A decline in tool use would seem to betoken a shift in our relationship to our own stuff: more passive and more dependent. And indeed, there are fewer occasions for the kind of spiritedness that is called forth when we take things in hand for ourselves, whether to fix them or to make them. What ordinary people once made, they buy; and what they one fixed for themselves, they replace entirely or hire an expert to repair, whose expert fix often involves replacing an entire system because some minute component has failed.

Nowhere has our attitude toward the maintenance of our own belongings shifted over the course of my lifetime than in how we view our cars. The house I grew up in had a detached garage with two bays. The one on the right had what was then called “a pit.” It was a roughly four foot wide hole in the floor, fifteen feet long, with a set of stairs leading down to a low work space below. From there you could change the oil and work on the entire undercarriage of the car which you carefully parked above it.

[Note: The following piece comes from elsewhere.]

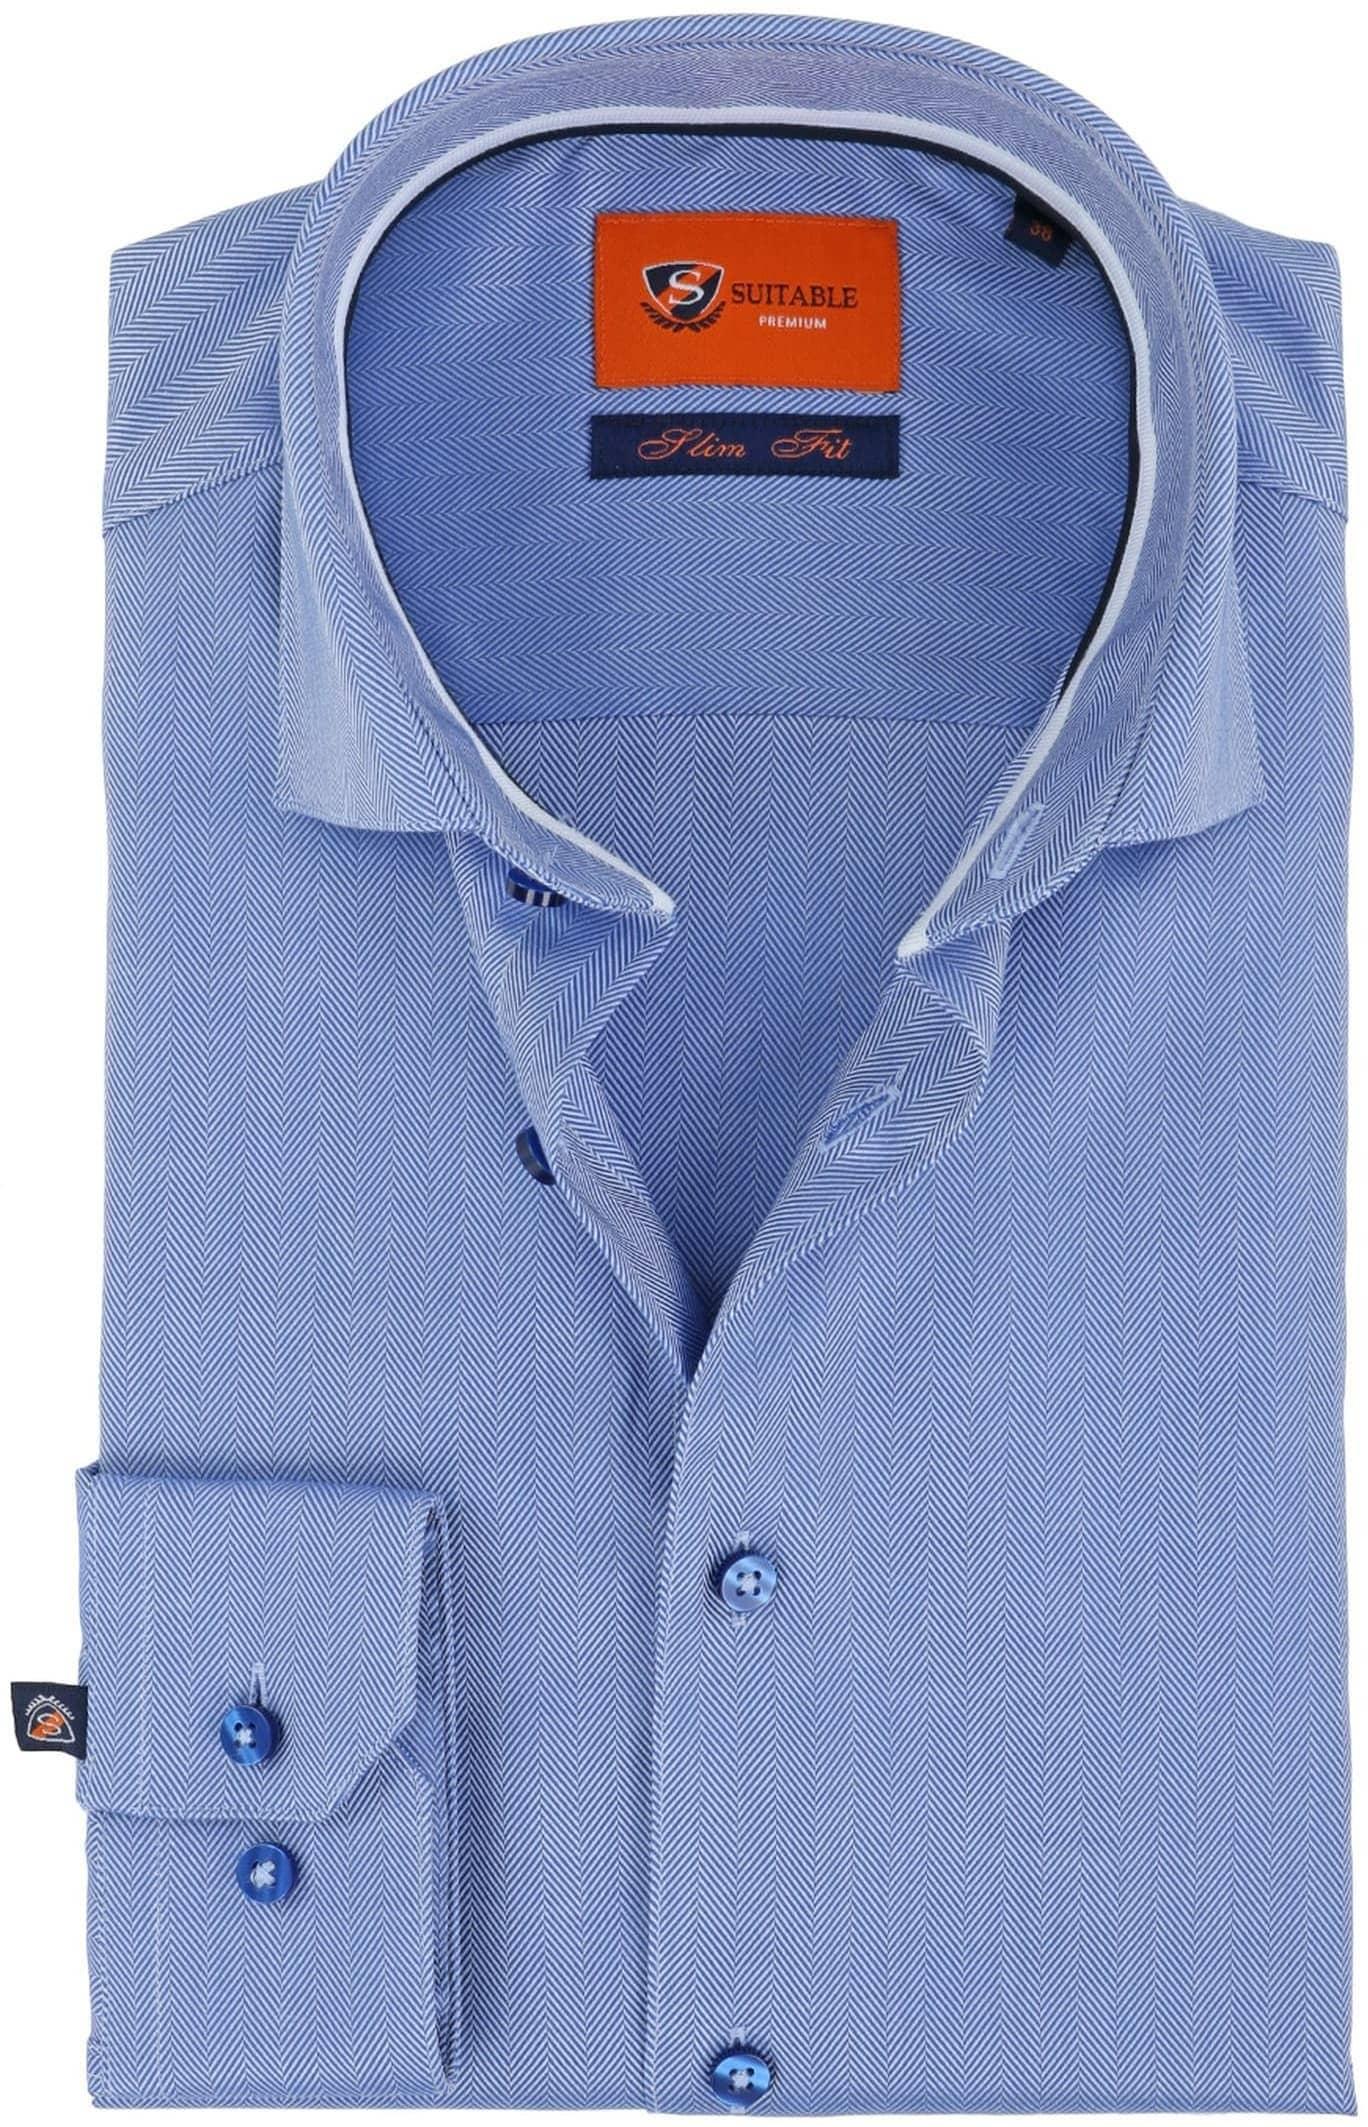 Suitable Overhemd Herringbone Blauw foto 0

My second vehicle, back when I was a teenager, was a 1967 Ford pickup truck. When you opened the hood there was enough room in the engine compartment for a young man my size to crawl entirely inside and still close the bonnet. With a glance you could easily view all the major components of the engine: the radiator, the starter, the block, the head and the distributor cap with its eight wires snaking around to their appointed spark plugs. It was, unfortunately, an ill-tempered beast, and by the time I was seventeen I had replaced the head gasket on it myself. (If you don’t know what that means, look it up. It essentially involves rebuilding the entire engine.)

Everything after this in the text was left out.